## WORK INSTRUCTION
All of the data should be repeated exactly; pictures are not part of the copy.

## GIVEN DATA

--- START ---

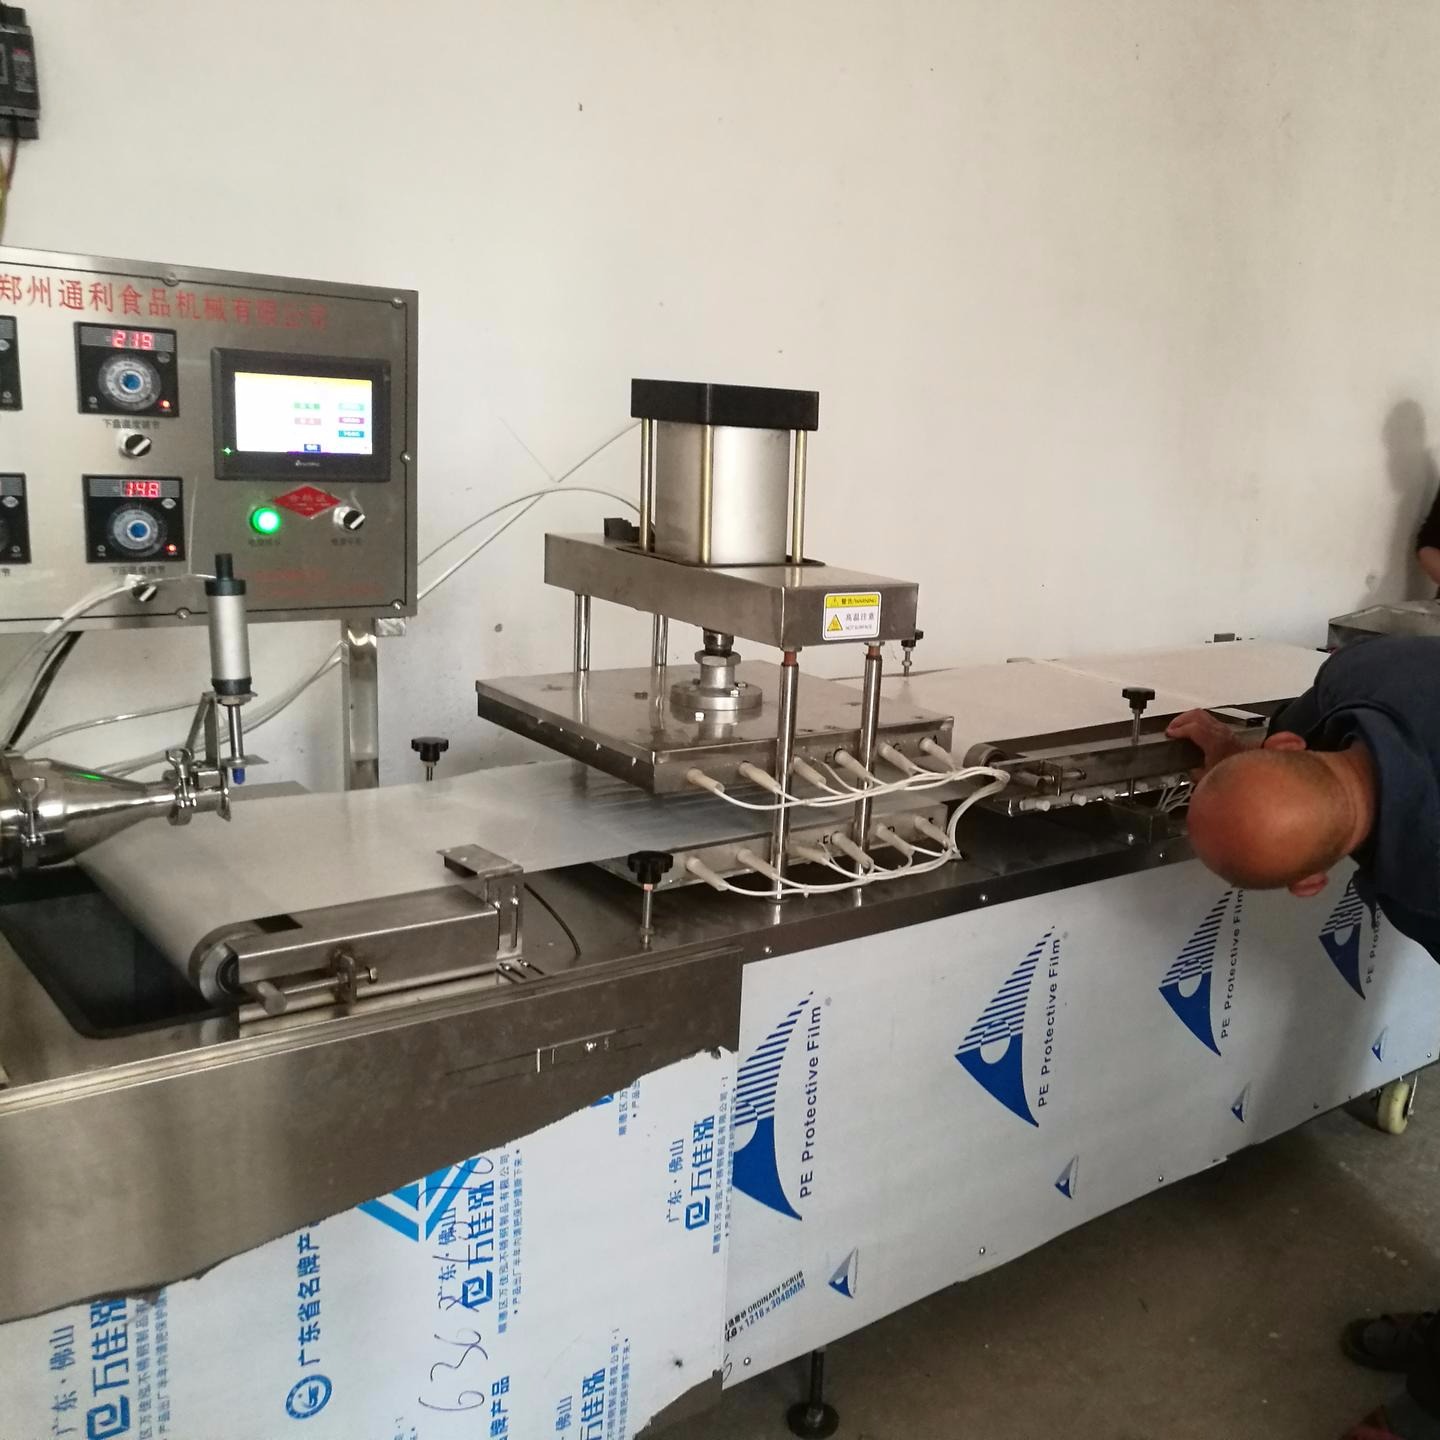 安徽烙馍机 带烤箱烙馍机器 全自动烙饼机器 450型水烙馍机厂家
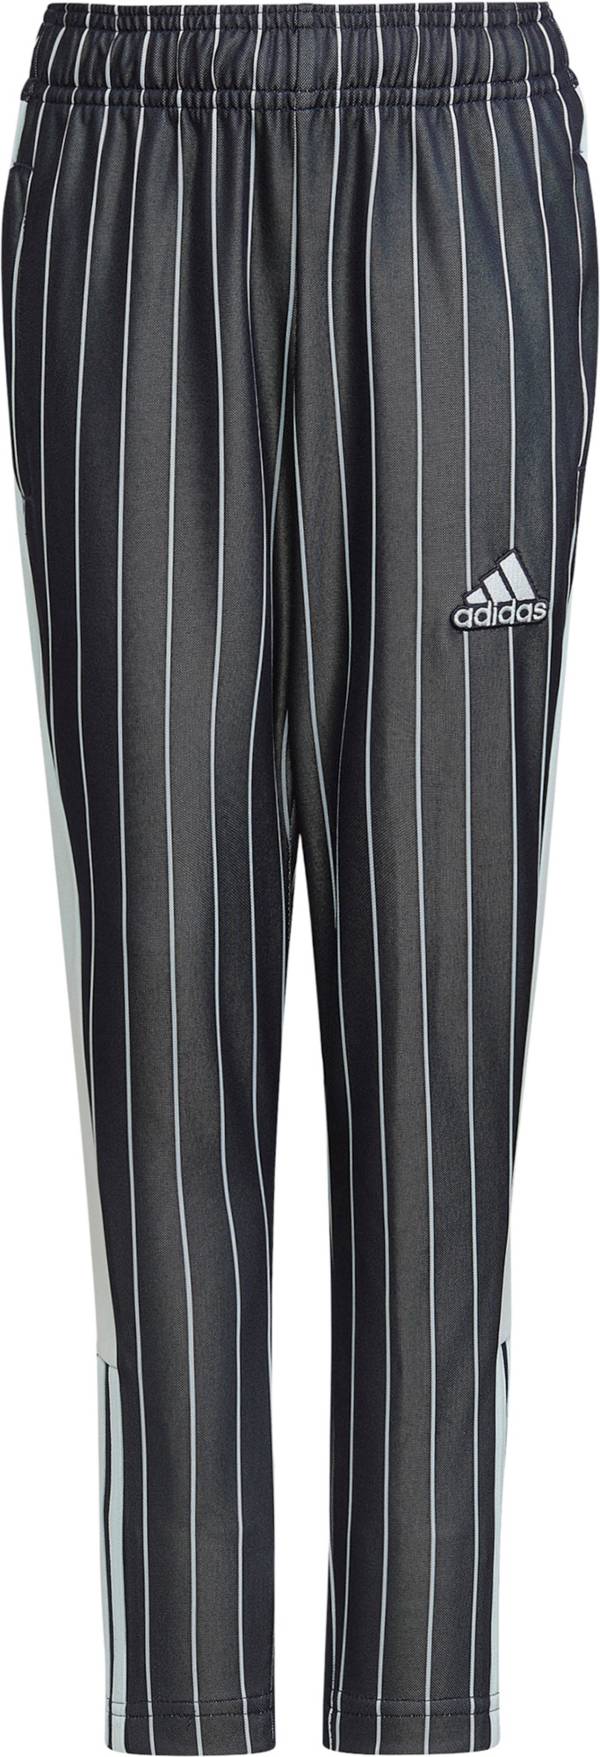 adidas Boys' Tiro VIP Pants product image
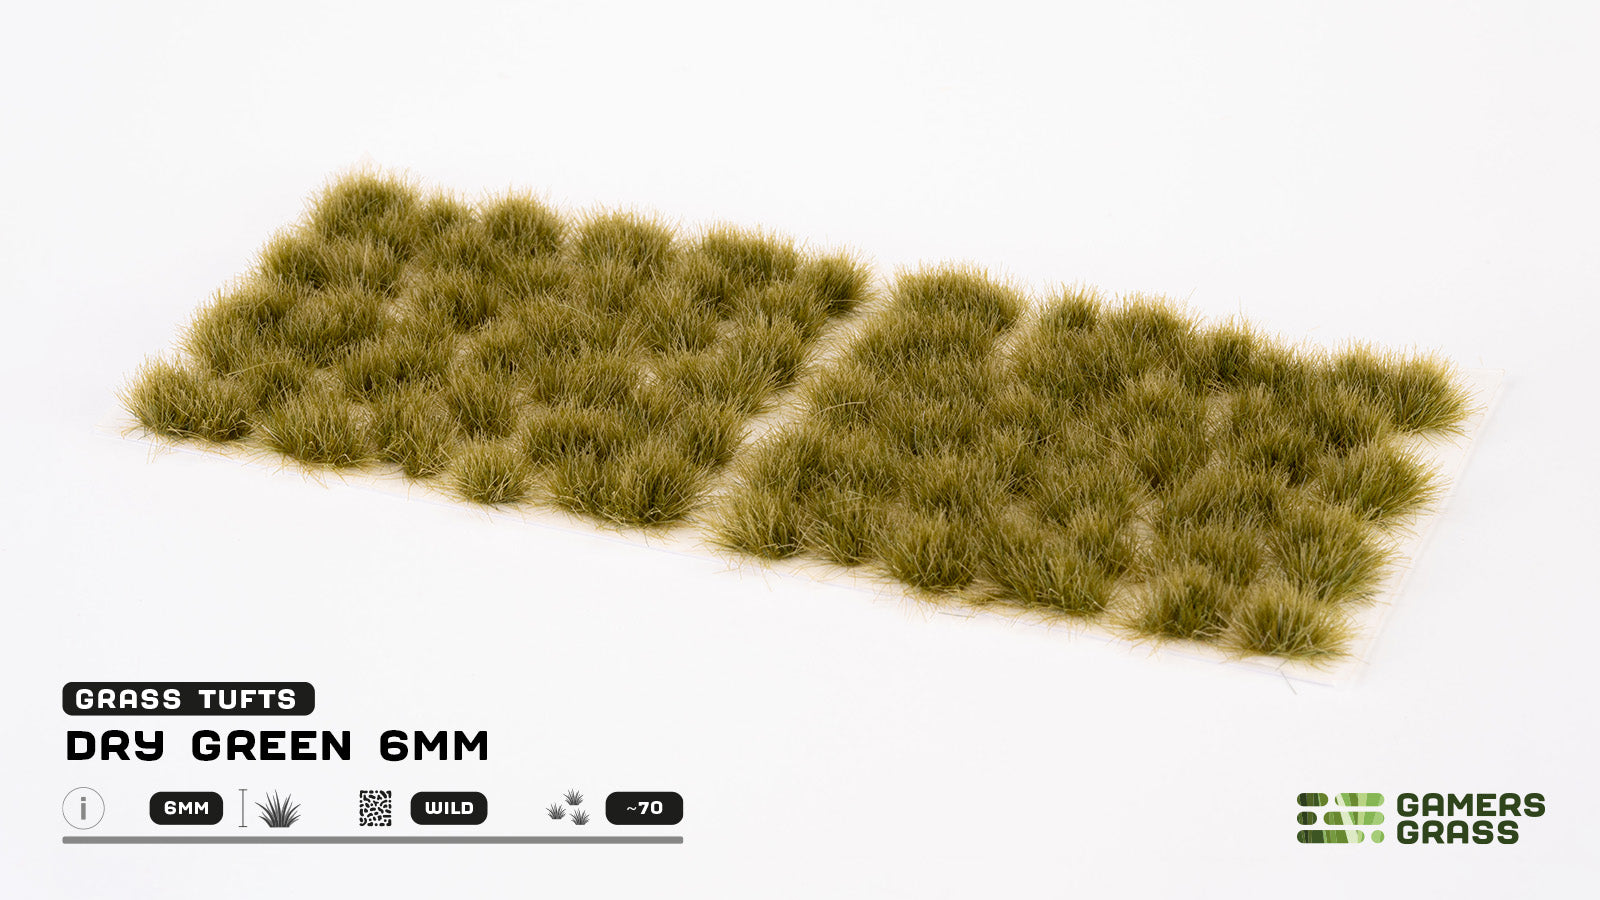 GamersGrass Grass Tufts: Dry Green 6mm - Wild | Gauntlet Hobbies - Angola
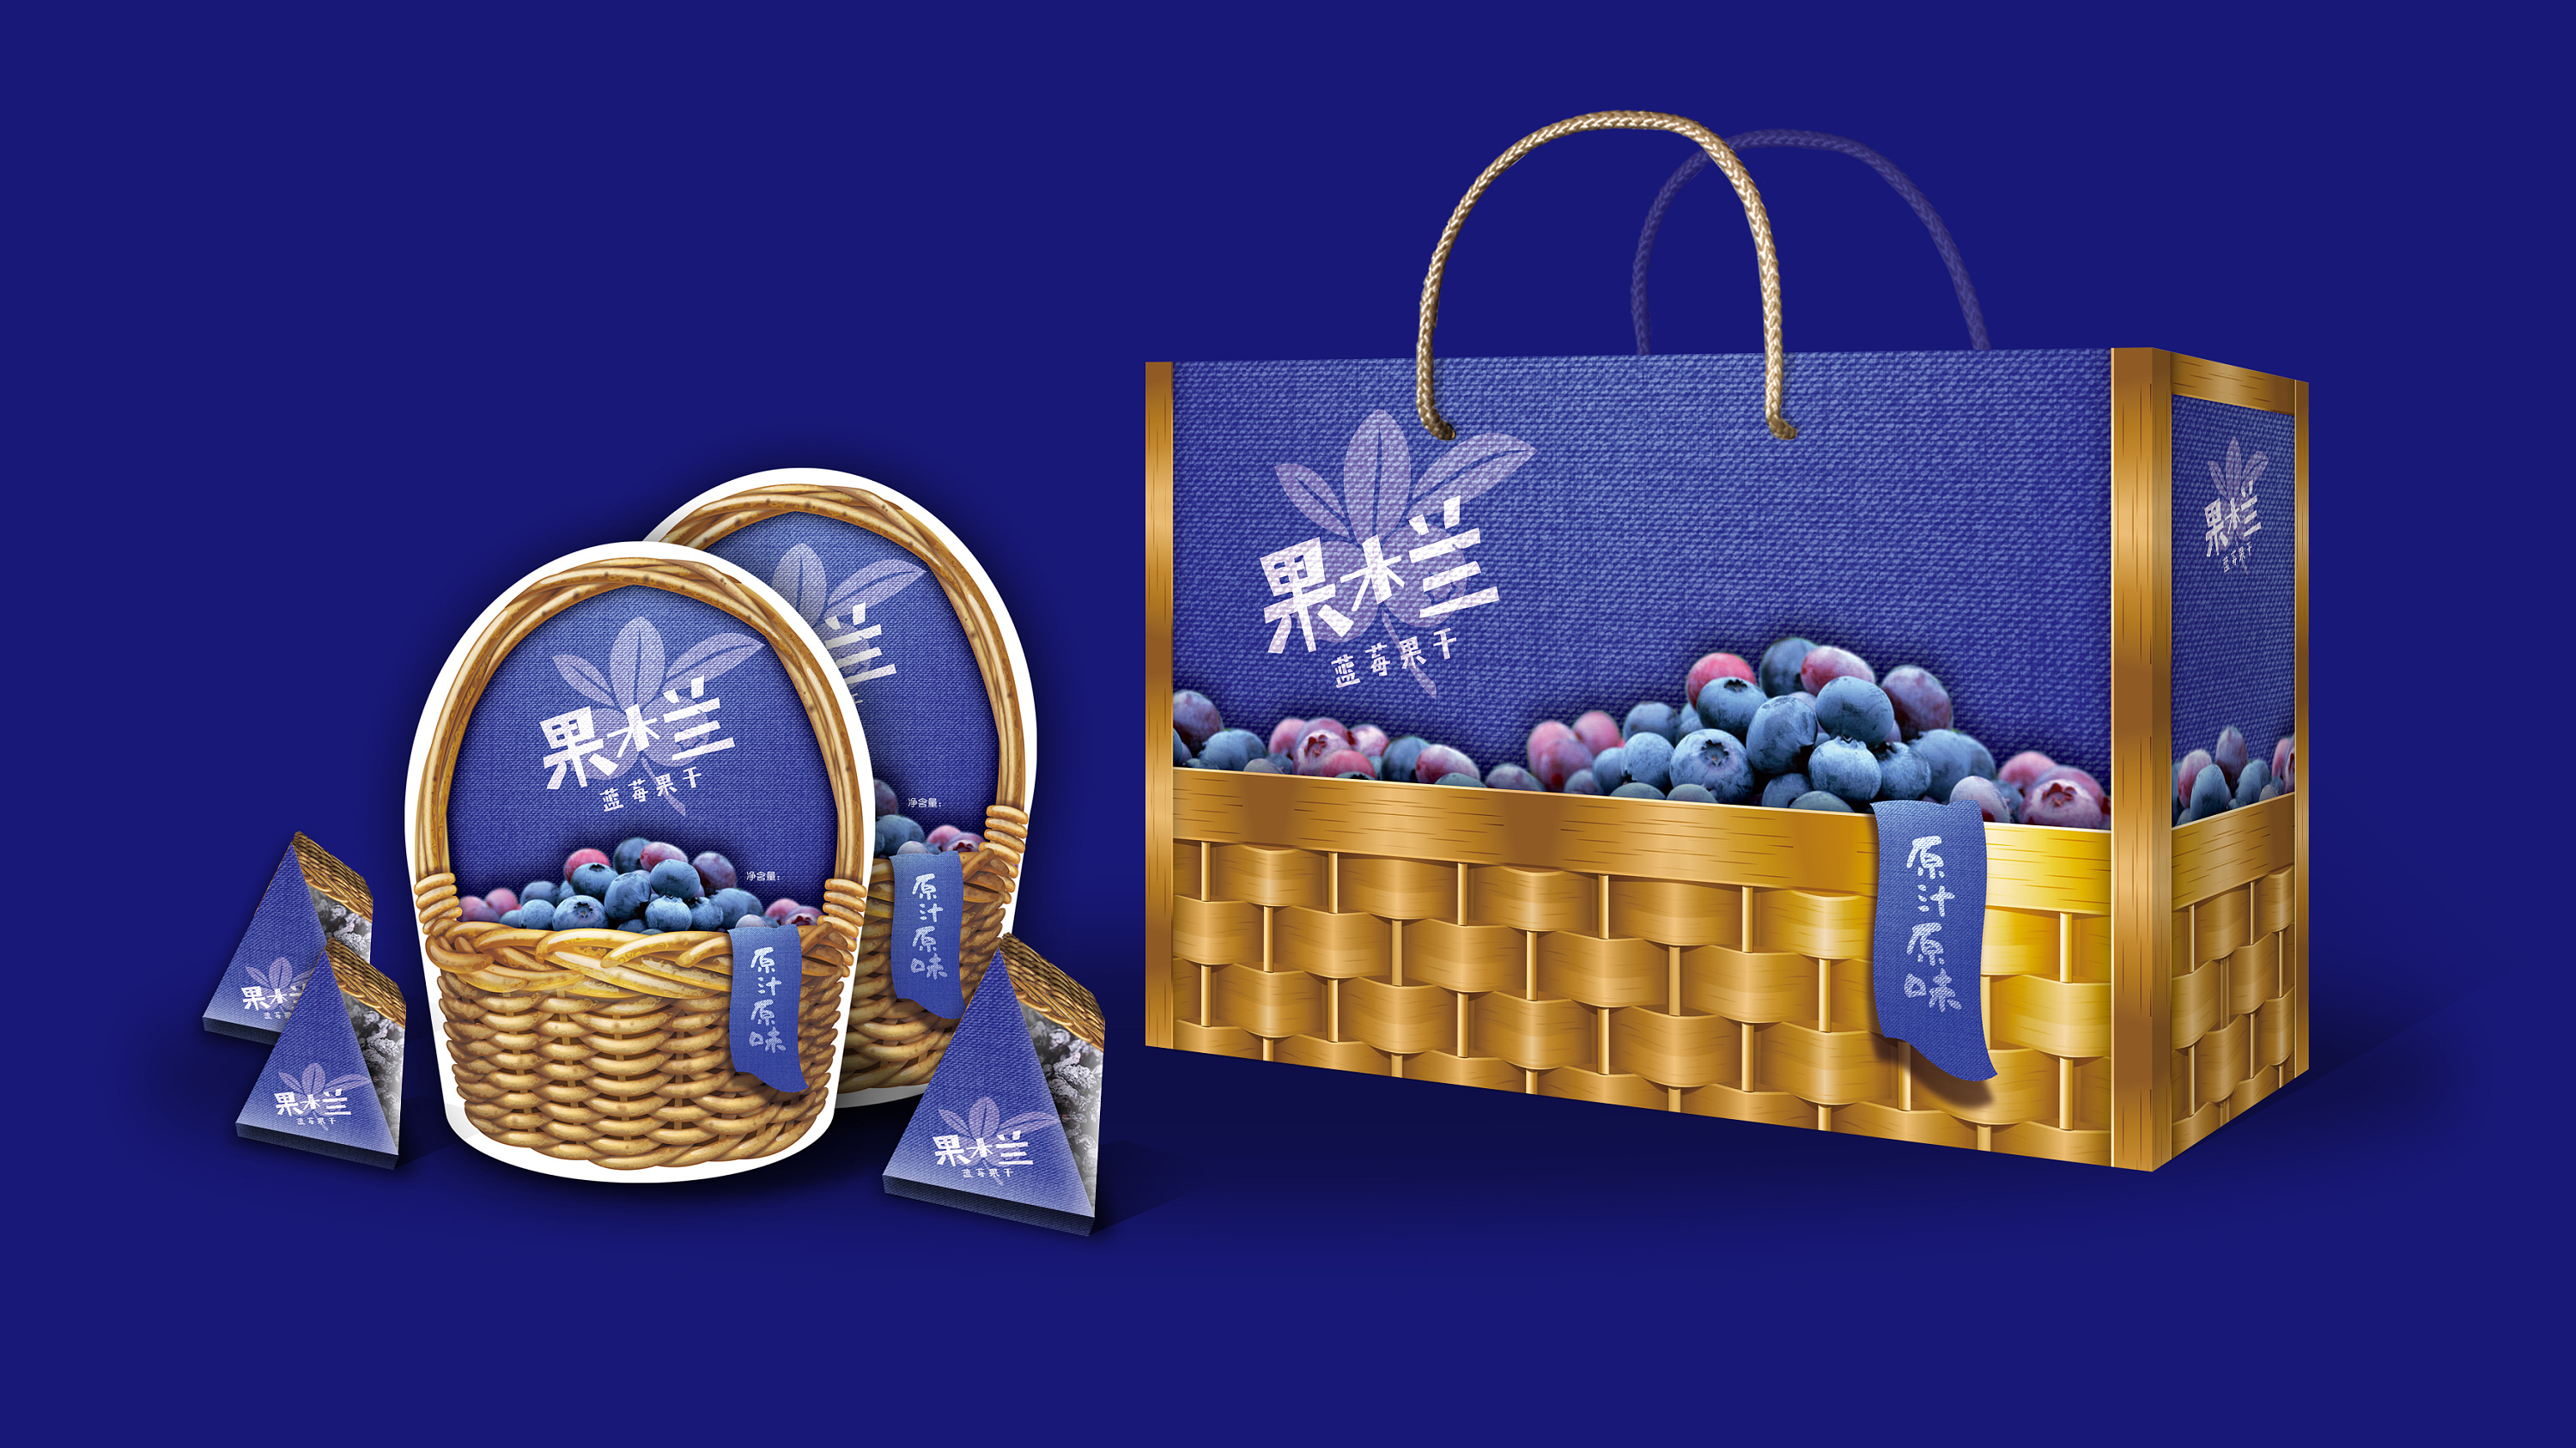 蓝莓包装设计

--- END ---

## RESULT OF THE EXERCISE
 安徽烙馍机 带烤箱烙馍机器 全自动烙饼机器 450型水烙馍机厂家
 adidas Boys' Tiro VIP Pants product image
 GamersGrass Grass Tufts: Dry Green 6mm - Wild | Gauntlet Hobbies - Angola
 蓝莓包装设计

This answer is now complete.